Threat Management, Incident Response, Malware, TDR

Iranian hackers targeting critical infrastructure

A hacker group out of Iran has been steadily amassing information from infrastructure-related companies, likely in preparation for a massive attack, according to researchers at Cylance, who have been tracking the group for more than two years.

To date the hackers, which consists of individual contractors and a team disguised as a Tehran-based construction engineering company, has infiltrated more than 50 organizations in 15 industries in 16 countries. Although Cylance noted that the hackers are still in the information-gathering phase. 

“They're amassing more information in more companies,” Jon Miller, vice president of strategy at Cylance, told SCMagazine.com. “It looks like they're gearing up for a large-scale, international attack.”

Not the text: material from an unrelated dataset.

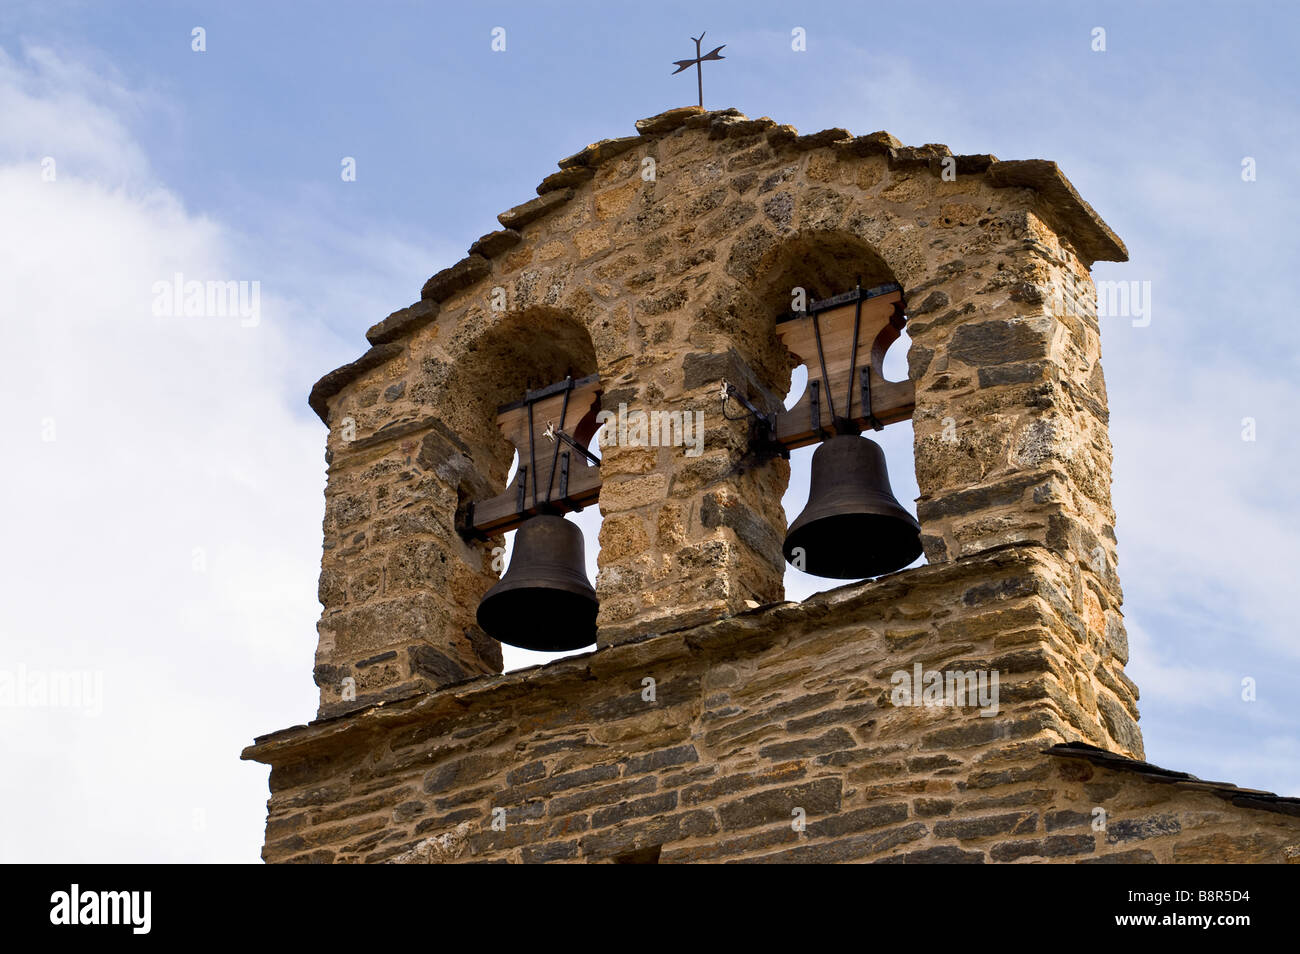 Beffroi du 12e siècle église de style Romane Sant Quirc de Durro. Vall de Boi, Catalogne, Espagne. Banque D'Images

The group, which Cylance calls Operation Cleaver because of the prevalence of the word in the group's custom software, uses rough custom and publicly available tools to glean highly sensitive and confidential information from victims and compromise their networks through SQL Injection, spear phishing, water holing attacks and other methods. All of the targets have been companies and facilities related to critical infrastructure.

For instance, among the targets is a company specializing in natural gas production, unclassified computers in the San Diego Navy Marine Corps Intranet and airlines and airports in Saudi Arabia, Pakistan and South Korea.

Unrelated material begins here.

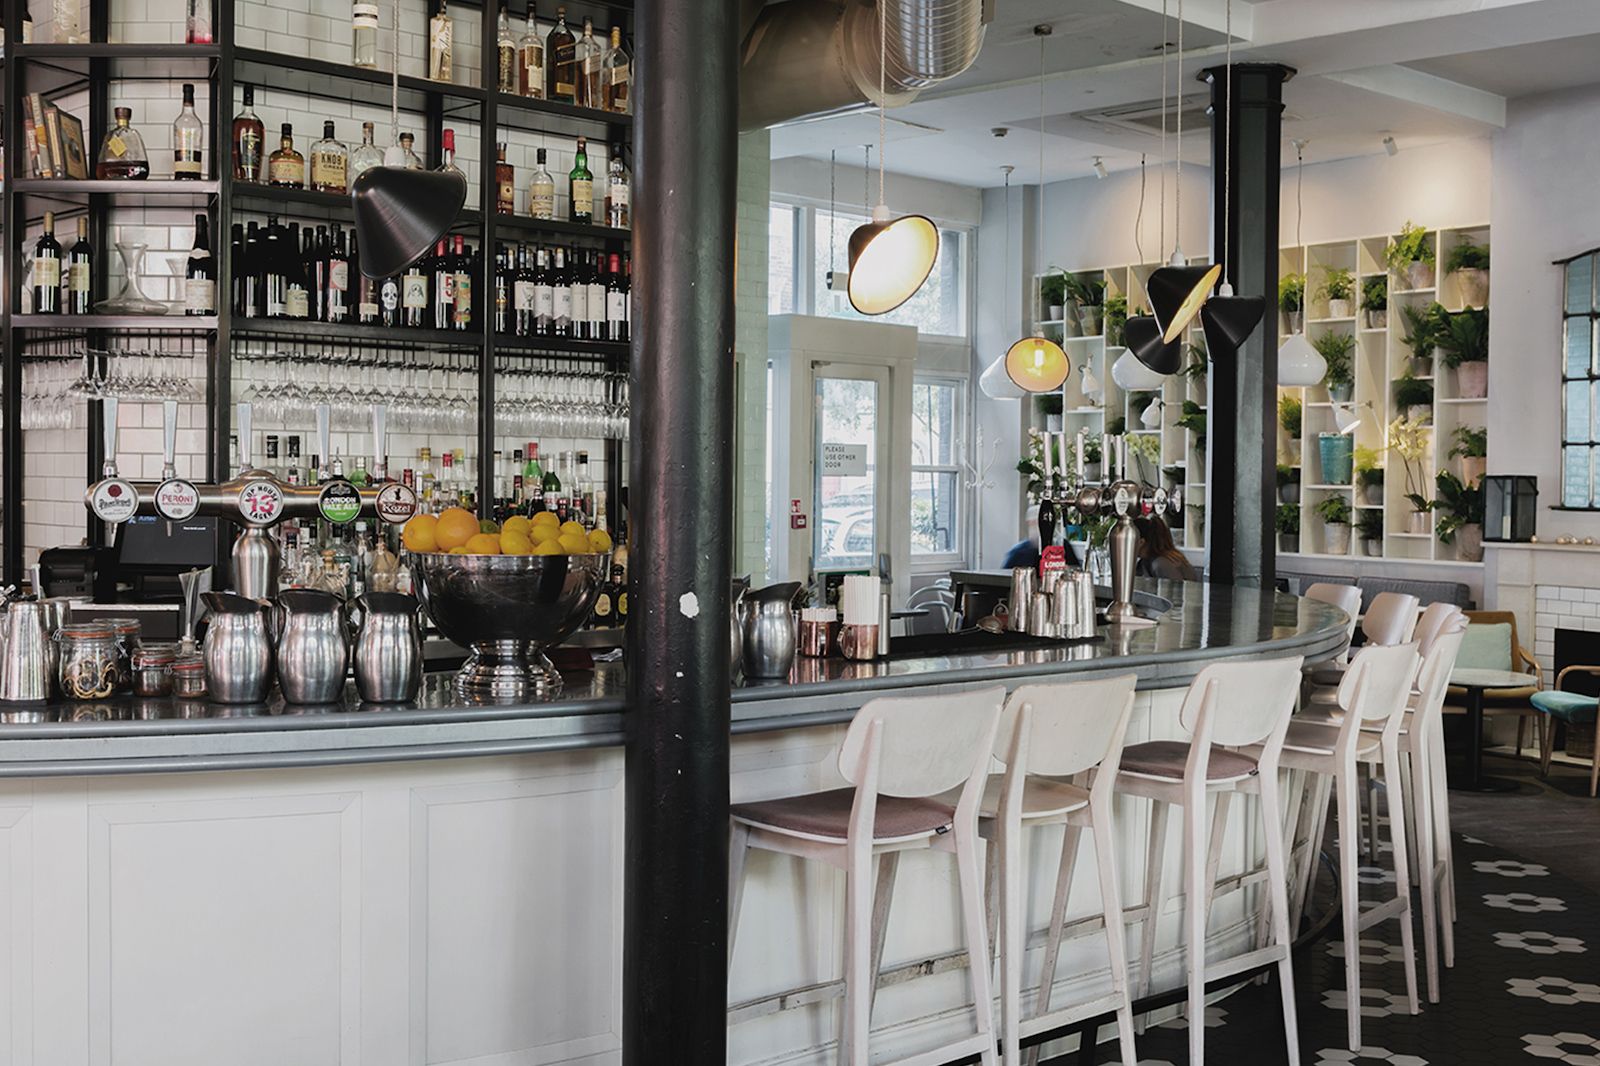 No 11 Pimlico Road – Bars in Victoria

The group also took aim at entities in Canada, China, England, France, Germany, India, Israel, the U.S. and other countries.

Cylance “came across the group,” after it was called in to do incident response for one of its customers. Once the security firm understood what Operation Cleaver was doing and got their tools, it was “able to take control” and examine the group's malware.

While Cylance researchers weren't surprised to discover Operation Cleaver's activities since “Iran has been hacking for quite some time,” they were taken aback by how advanced the group's methods were. 

“What surprised us is how sophisticated their attacks are becoming,” Miller said. “Two years ago they were not a threat but given the actual companies they're attacking today, they're gearing up for a major attack.”

In "Operation Cleaver," a detailed report on its findings, Cylance also included indicators so that other organizations outside its purview can detect and ward off attacks. 

“We disclosed the indicators,” said Miller, so companies now “have the hashes to find Iranian malware.”

Miller said that Cylance is “being a little light on details” of how it's monitoring Operation Cleaver so can continue to do so undetected. 

“They're still hacking today,” Miller said. “It's an ongoing campaign.”

To protect themselves, Miller suggested companies use the indicators that Cylance provided. Noting that the “adaptive nature of these attacks” make them hard to keep up with, he urged organizations to “get ahead of attacks” by keeping their security posture current.